# Given information
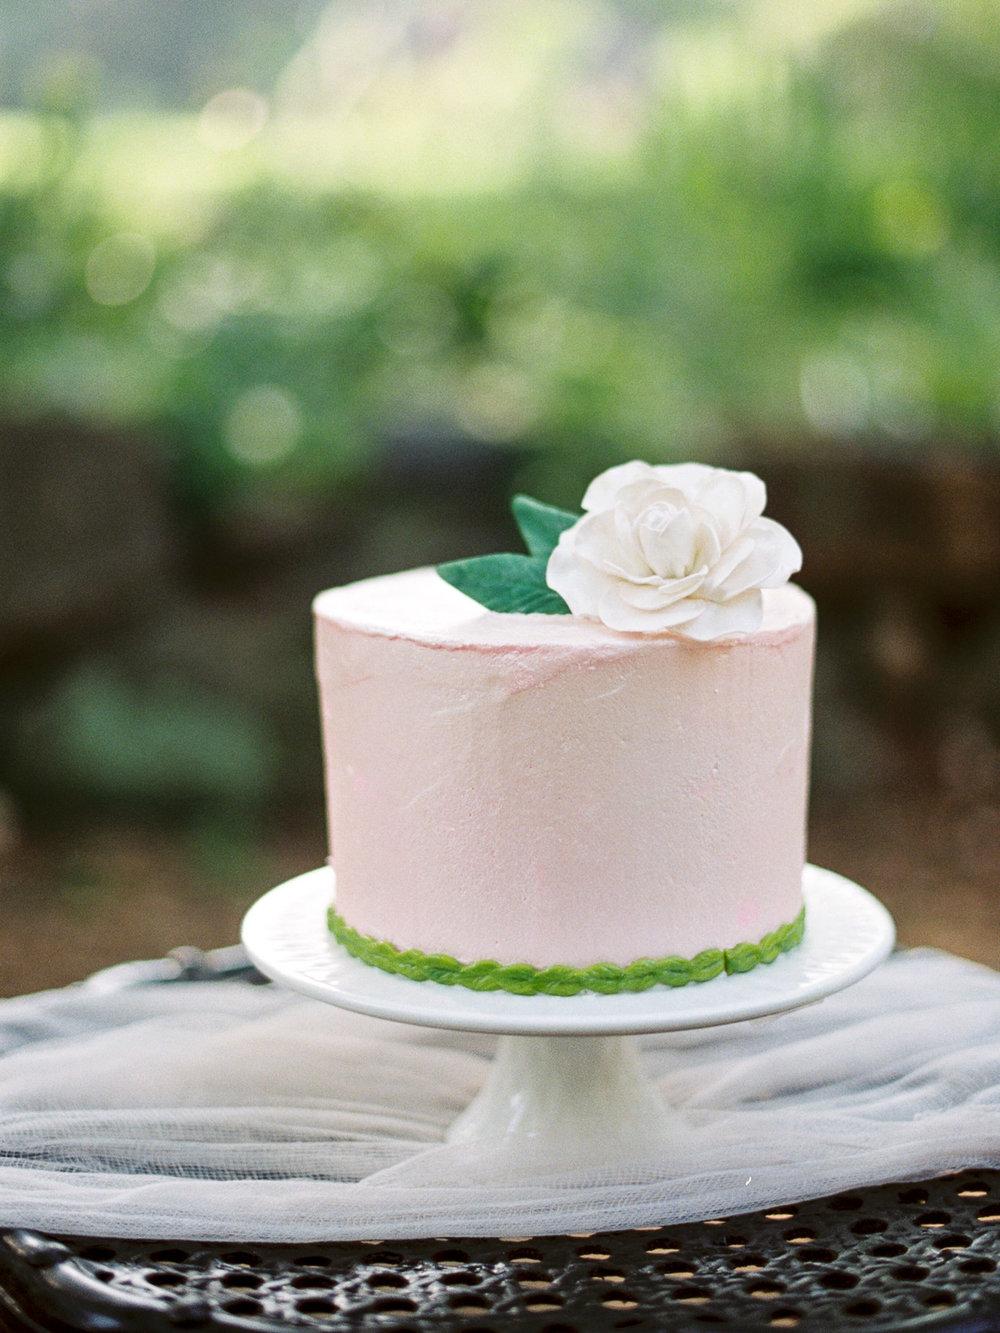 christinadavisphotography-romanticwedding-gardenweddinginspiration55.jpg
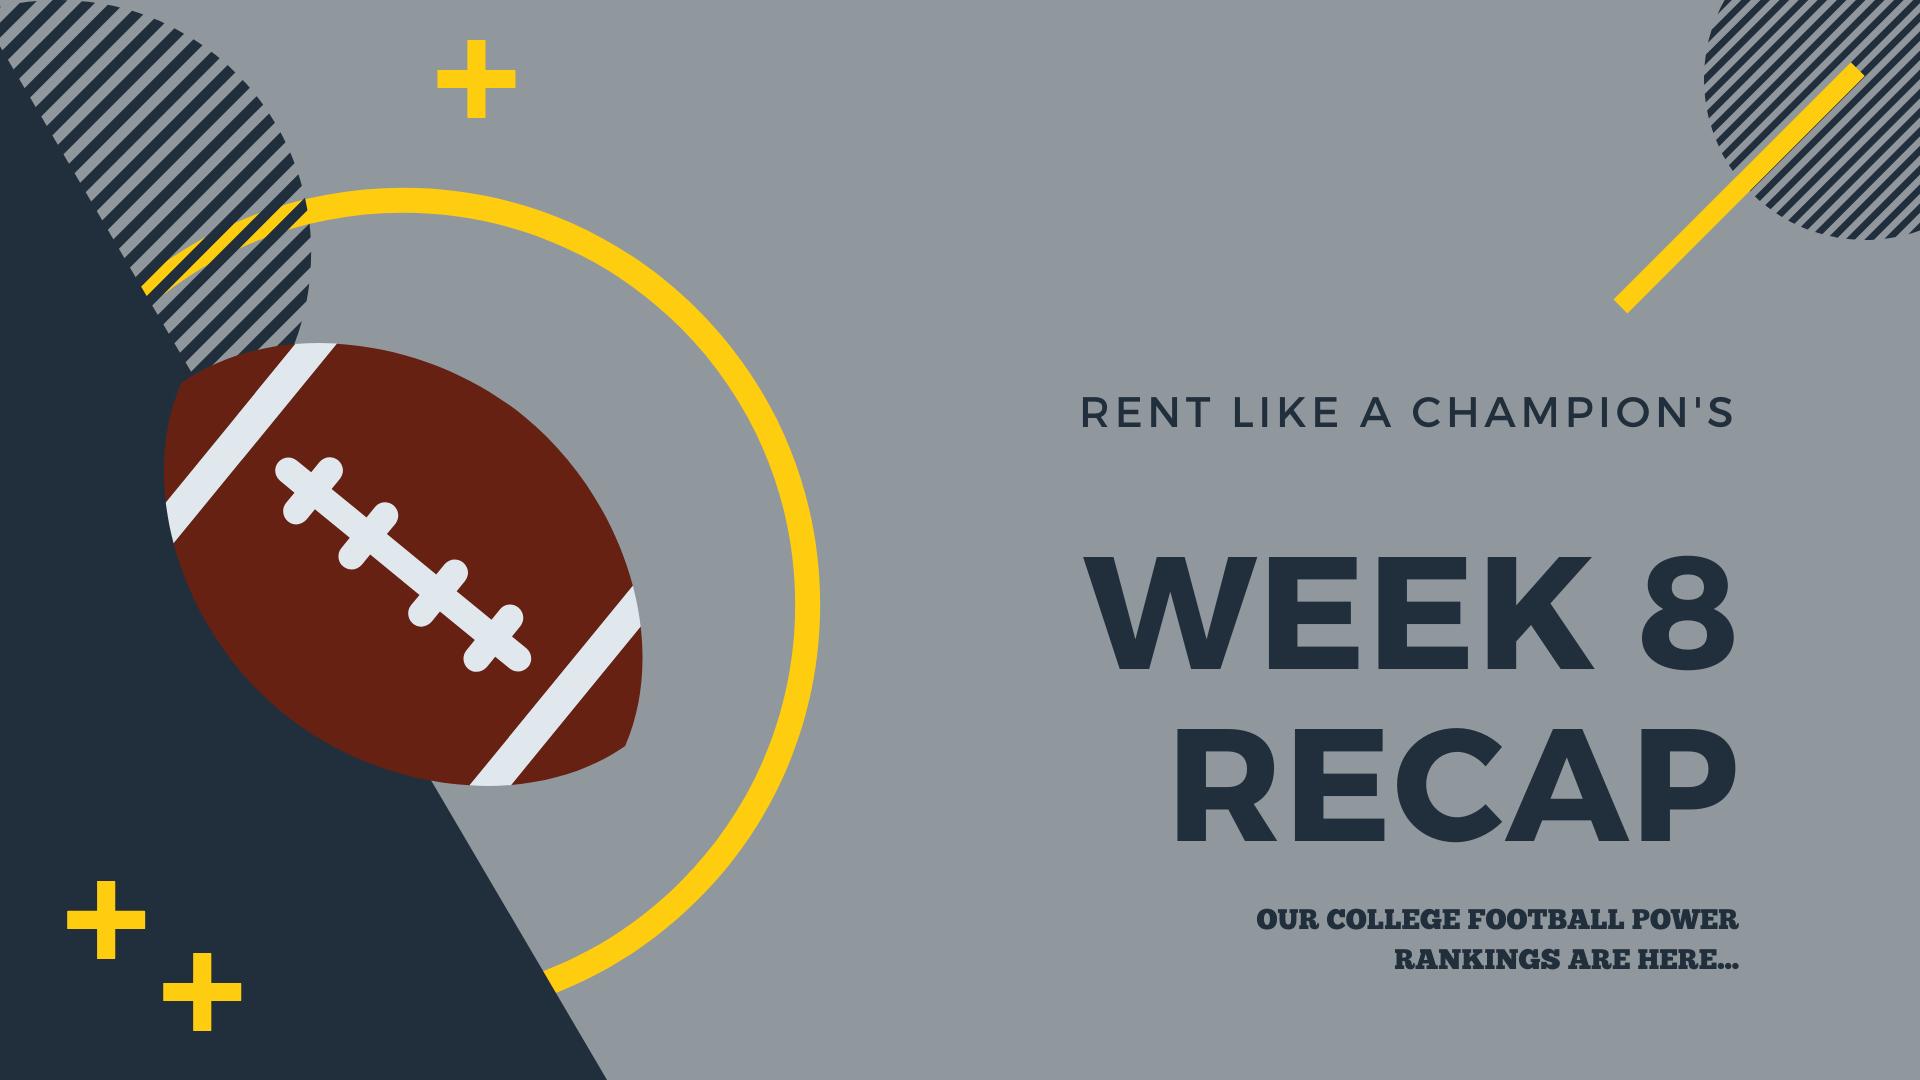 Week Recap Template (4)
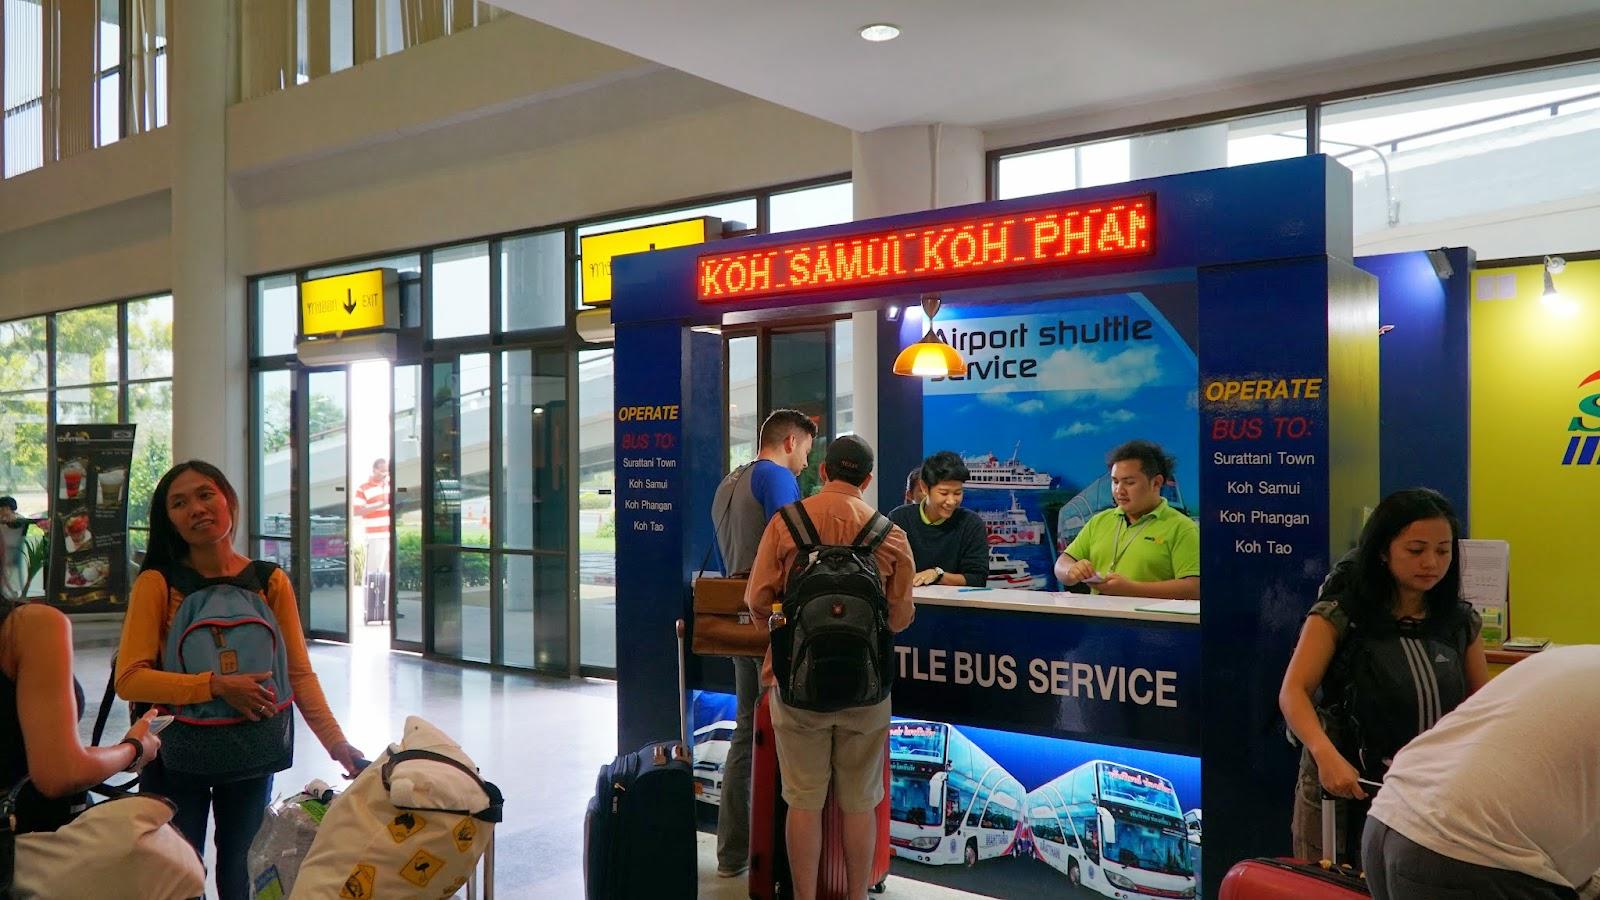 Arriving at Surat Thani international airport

# Task
The lines from the one containing "Week Recap Template (4)" through the last line of the data above are to be transcribed exactly, both included, with all pictures left out.

# Answer below
 Week Recap Template (4)
 Arriving at Surat Thani international airport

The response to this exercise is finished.